00:18:59 And so that’s where we ended up with the RL squared paper
00:19:03 on learning to reinforcement learn,
00:19:06 which at a time Rocky Dwan led.
00:19:08 And that’s exactly the meta learning approach
00:19:11 where you say, okay, we don’t know how to design hierarchy.
00:19:14 We know what we want to get from it.
00:19:15 Let’s just enter and optimize for what we want to get
00:19:18 from it and see if it might emerge.
00:19:20 And we saw things emerge.
00:19:21 The maze navigation had consistent motion down hallways,
00:19:26 which is what you want.
00:19:27 A hierarchical control should say,
00:19:28 I want to go down this hallway.
00:19:29 And then when there is an option to take a turn,
00:19:31 I can decide whether to take a turn or not and repeat.
00:19:33 Even had the notion of where have you been before or not
00:19:37 to not revisit places you’ve been before.
00:19:39 It still didn’t scale yet
00:19:42 to the real world kind of scenarios I think you had in mind,
00:19:46 but it was some sign of life
00:19:47 that maybe you can meta learn these hierarchical concepts.
00:19:51 I mean, it seems like through these meta learning concepts,
00:19:56 get at the, what I think is one of the hardest
00:19:59 and most important problems of AI,
00:20:02 which is transfer learning.
00:20:04 So it’s generalization.
00:20:06 How far along this journey
00:20:08 towards building general systems are we?
00:20:11 Being able to do transfer learning well.

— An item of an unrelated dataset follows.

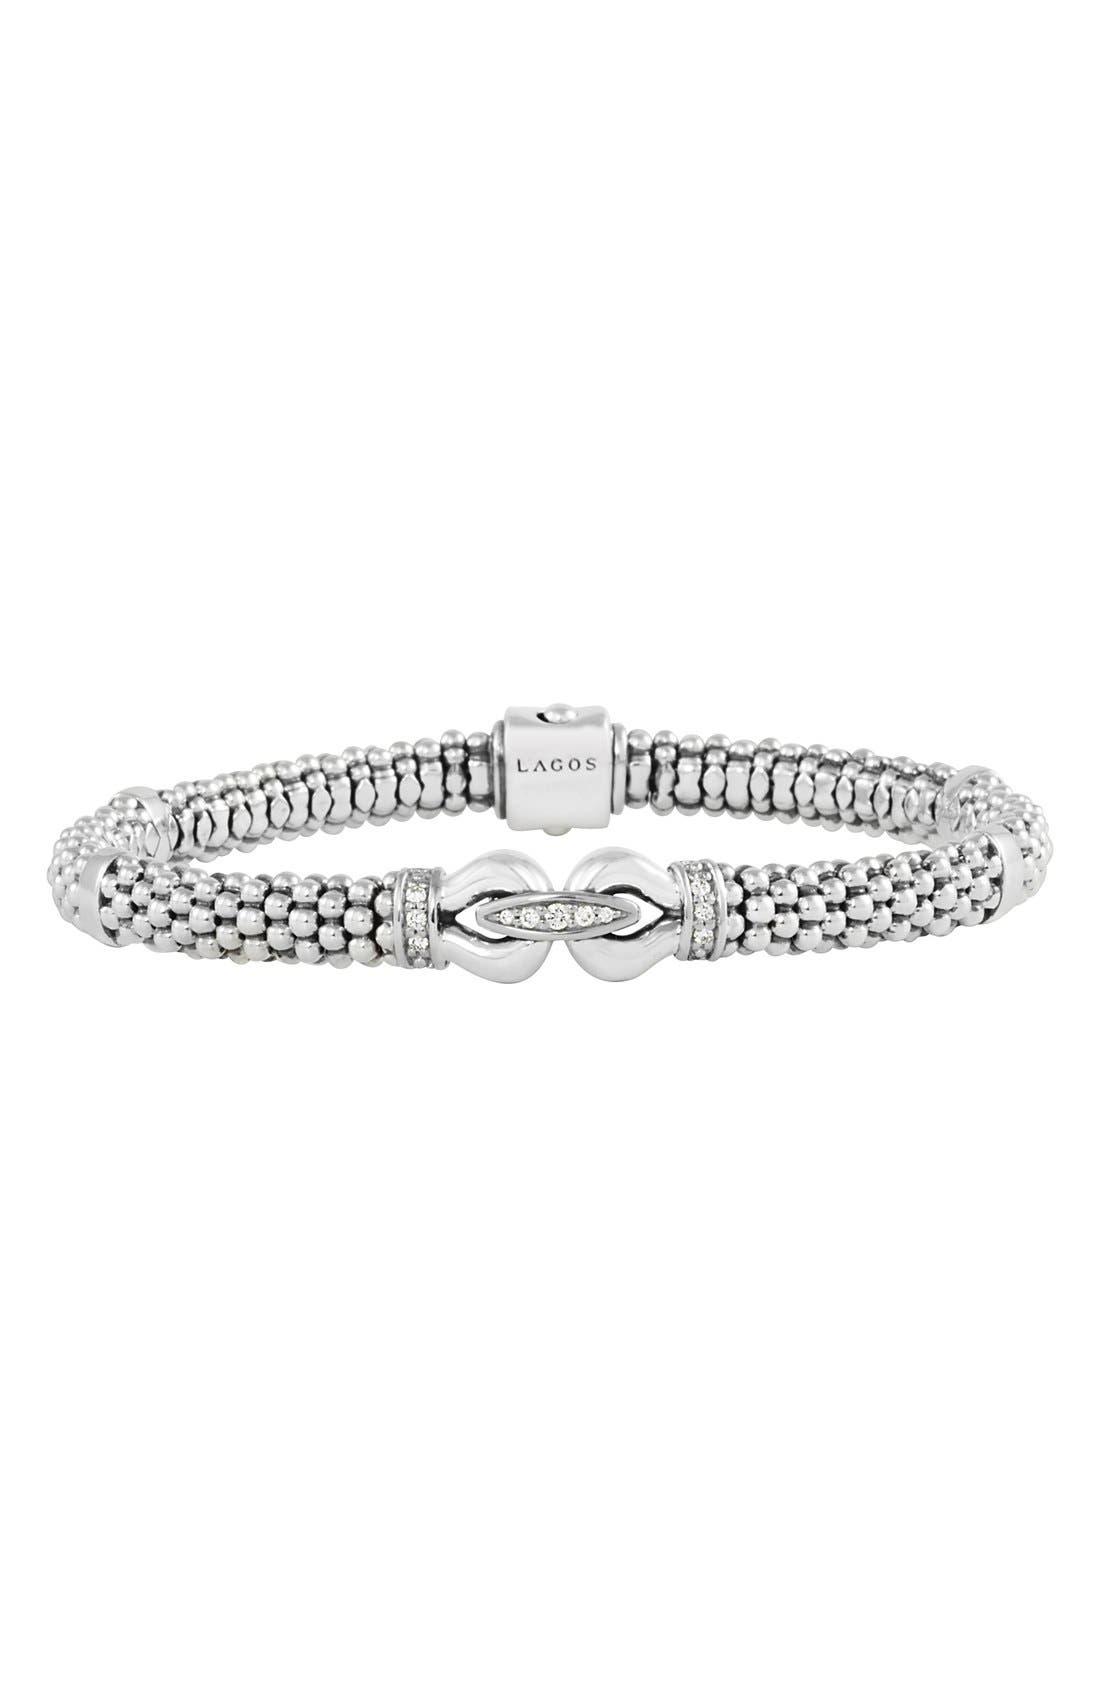 LAGOS 'Derby' Diamond Buckle Rope Bracelet

00:20:13 So there’s some signs that you can generalize a little bit,
00:20:17 but do you think we’re on the right path
00:20:19 or it’s totally different breakthroughs are needed
00:20:23 to be able to transfer knowledge
00:20:26 between different learned models?
00:20:31 Yeah, I’m pretty torn on this in that
00:20:33 I think there are some very impressive.
00:20:35 Well, there’s just some very impressive results already.
00:20:40 I mean, I would say when,
00:20:44 even with the initial kind of big breakthrough in 2012
00:20:47 with AlexNet, the initial thing is okay, great.
00:20:52 This does better on ImageNet, hence image recognition.
00:20:55 But then immediately thereafter,
00:20:57 there was of course the notion that,
00:21:00 wow, what was learned on ImageNet
00:21:03 and you now wanna solve a new task,
00:21:05 you can fine tune AlexNet for new tasks.
00:21:09 And that was often found to be the even bigger deal
00:21:12 that you learn something that was reusable,
00:21:14 which was not often the case before.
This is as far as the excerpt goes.